Piękna pani minister odejdzie z rządu
Francuska minister sprawiedliwości
Rachida Dati odejdzie z rządu, aby wystartować w wyborach do
Parlamentu Europejskiego w czerwcu - podały źródła w
Paryżu.
23.01.2009 | aktual.: 23.01.2009 16:20
43-letnia Dati, córka Marokańczyka i Algierki, uznawana była za symbol dążenia prezydenta Nicolasa Sarkozy'ego do wprowadzenia różnorodności do francuskiej polityki.
Dotychczasowa minister znajdzie się na liście centroprawicowej Unii na Rzecz Ruchu Ludowego (UMP) z regionu paryskiego. Wystartuje z drugiego miejsca, po ministrze rolnictwa Michelu Barnierze - poinformował w piątek przedstawiciel UMP.
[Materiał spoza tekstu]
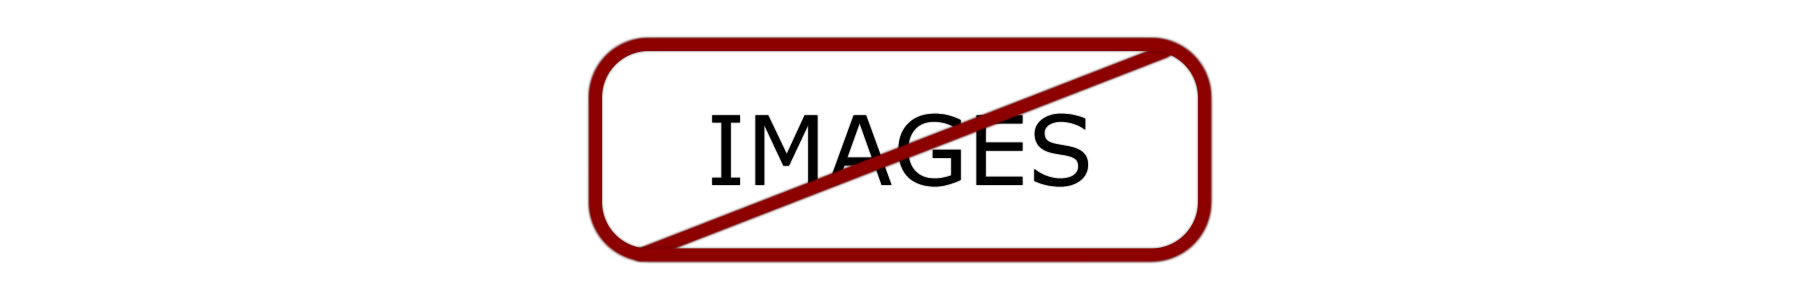 No Images within red rounded corner container with red slash running from corner to corner

W kręgach partii, gdzie nazwiska Barniera i Dati jako kandydatów do otwarcia listy pojawiają się od kilku tygodni, mówi się, że oboje odejdą z rządu krótko przed wyborami do PE, w maju.
Jeszcze w ubiegłym tygodniu otoczenie pani minister dementowało informacje o jej kandydowaniu do PE, twierdząc, że Dati, będąca jednocześnie merem VII dzielnicy Paryża, "nie jest gotowa" do odejścia z rządu i "cieszy się" swoim mandatem.
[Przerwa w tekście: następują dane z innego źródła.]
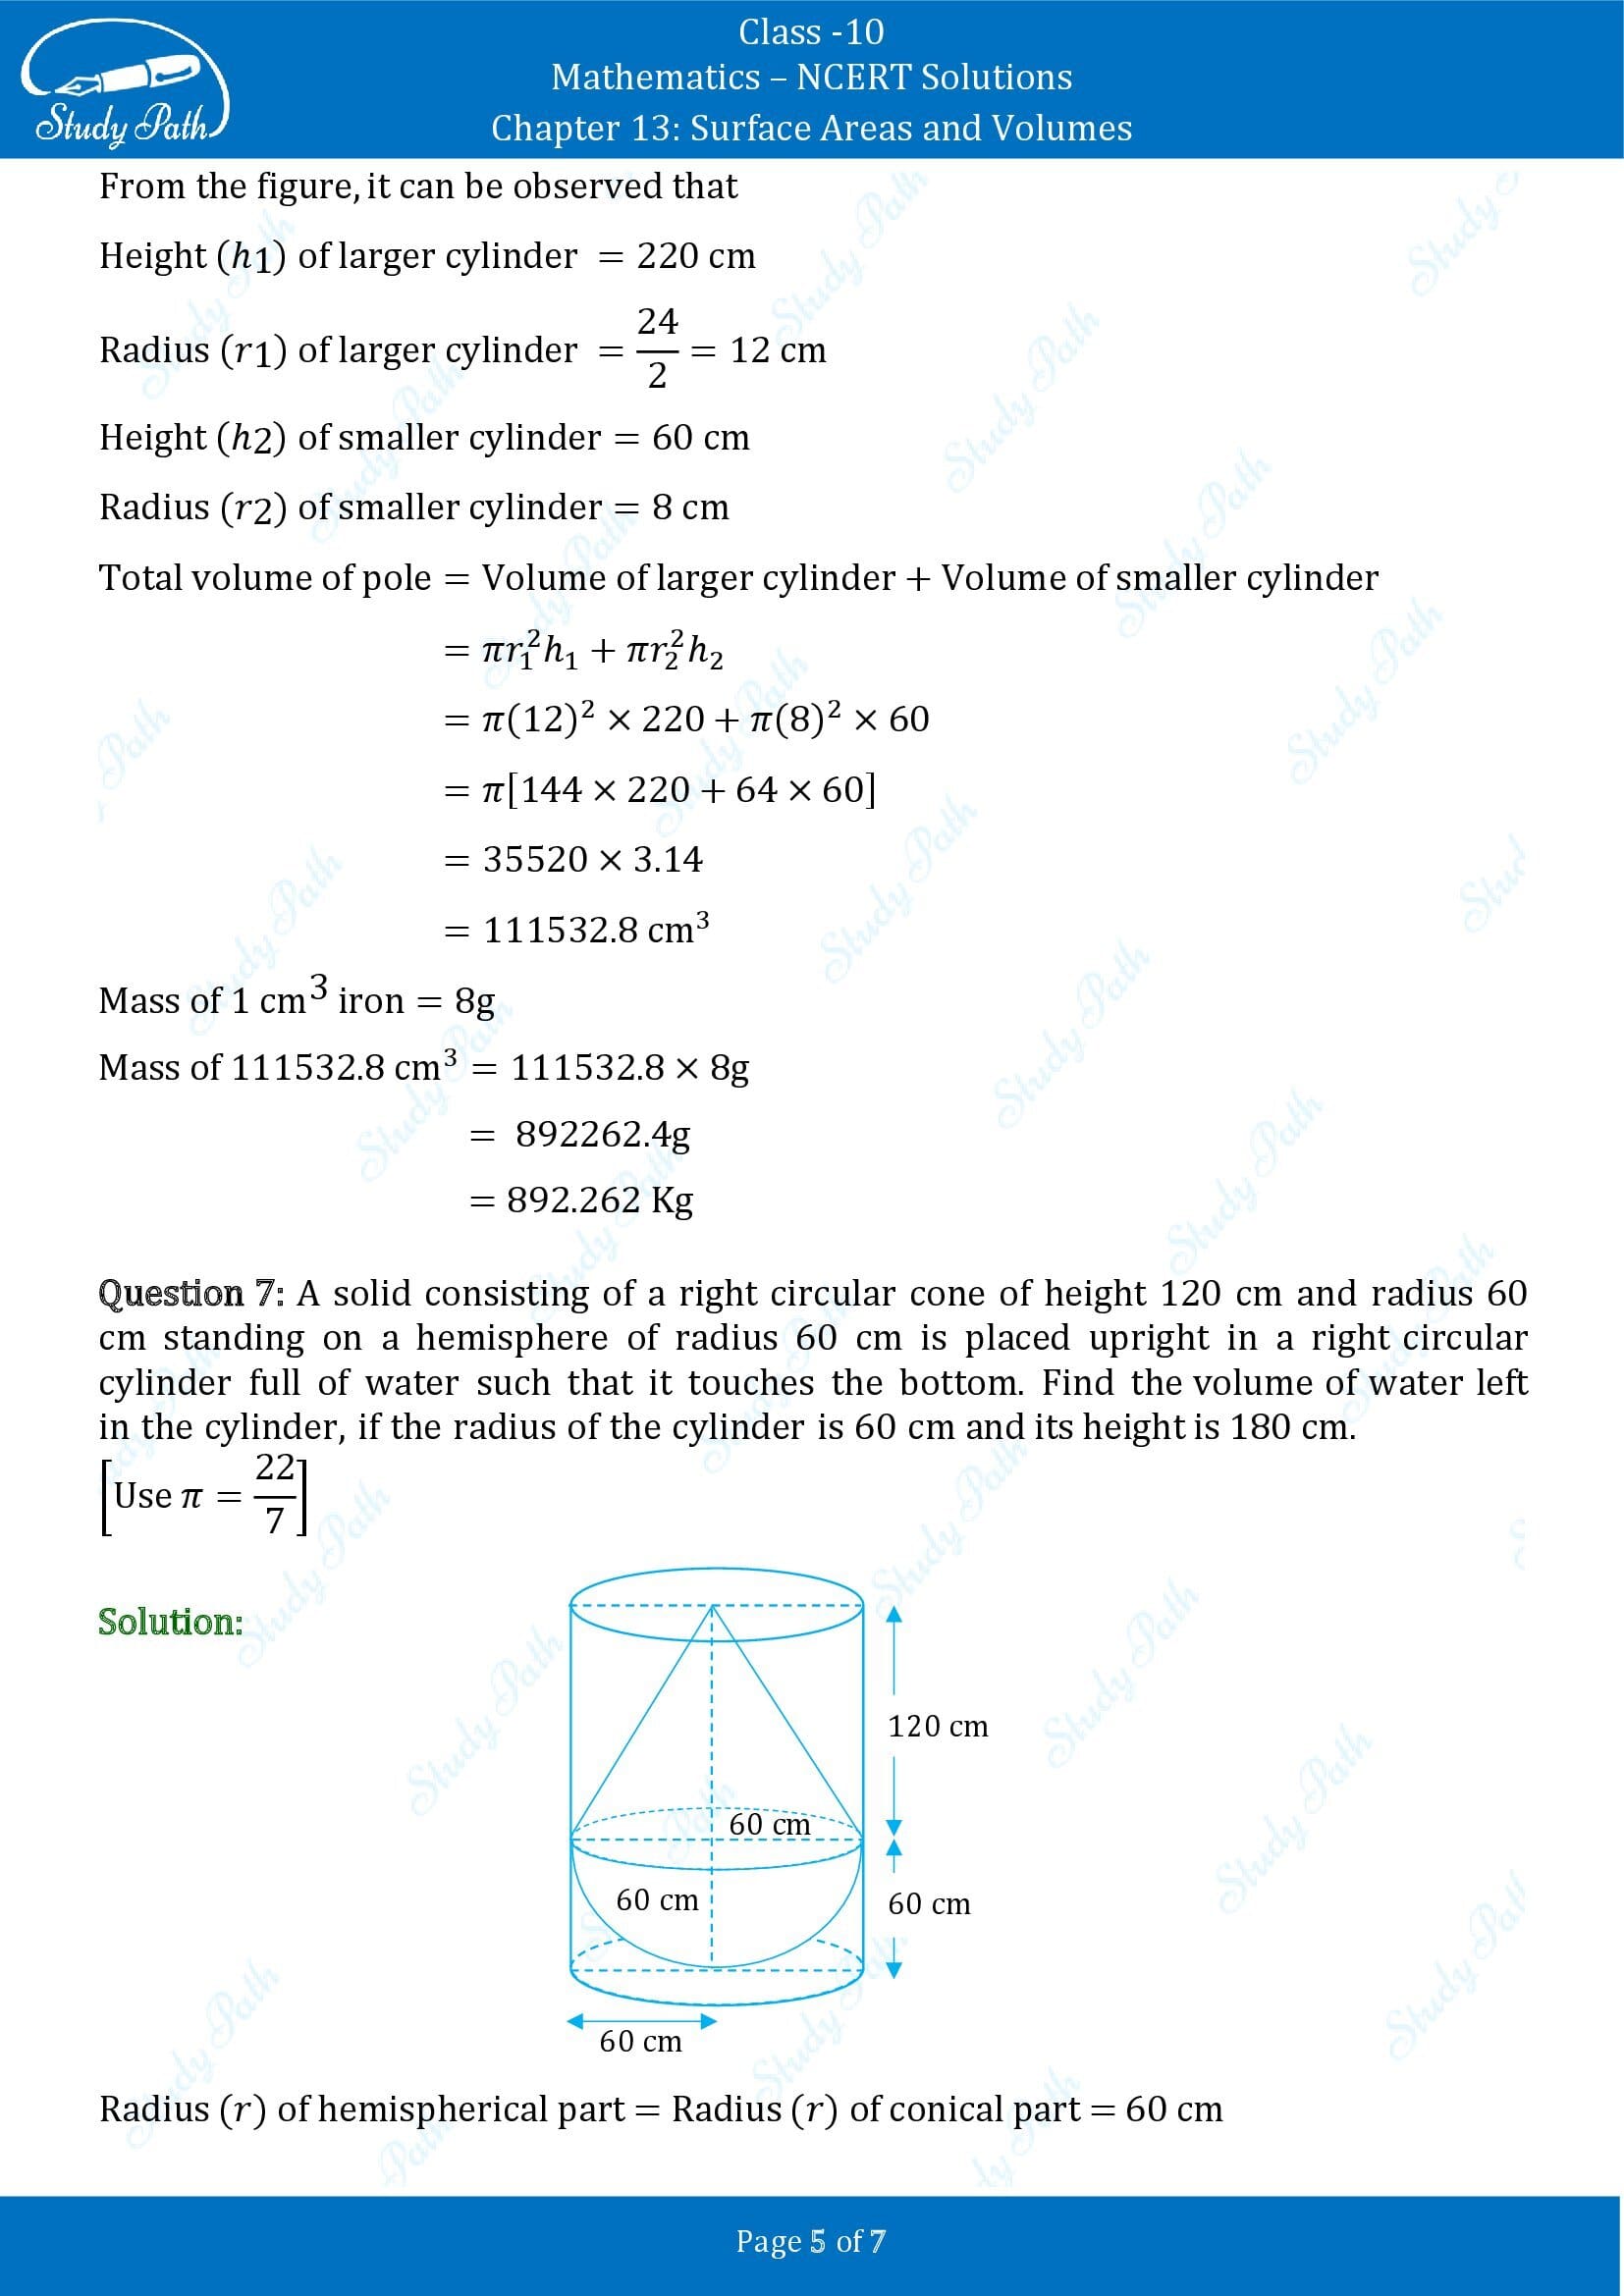 NCERT Solutions for Class 10 Maths Chapter 13 Surface Areas and Volumes Exercise 13.2 00005

Dati, często krytykowana za swoje upodobanie do luksusu, od kilku miesięcy zmaga się z narastającym sprzeciwem sędziów, strażników więziennych i własnych urzędników, protestujących przeciwko zbyt wielu reformom systemu sądowego.
Na początku stycznia urodziła swoje pierwsze dziecko. Do pracy wróciła zaledwie po pięciu dniach od porodu, czym naraziła się na krytykę ze strony organizacji kobiecych.
Jak ocenia agencja Reutera, Sarkozy najwyraźniej rozczarowany dokonaniami Dati, nie zdecydował się na usunięcie jej przy okazji ostatnich zmian w rządzie, wybierając bardziej dyplomatyczne rozwiązanie.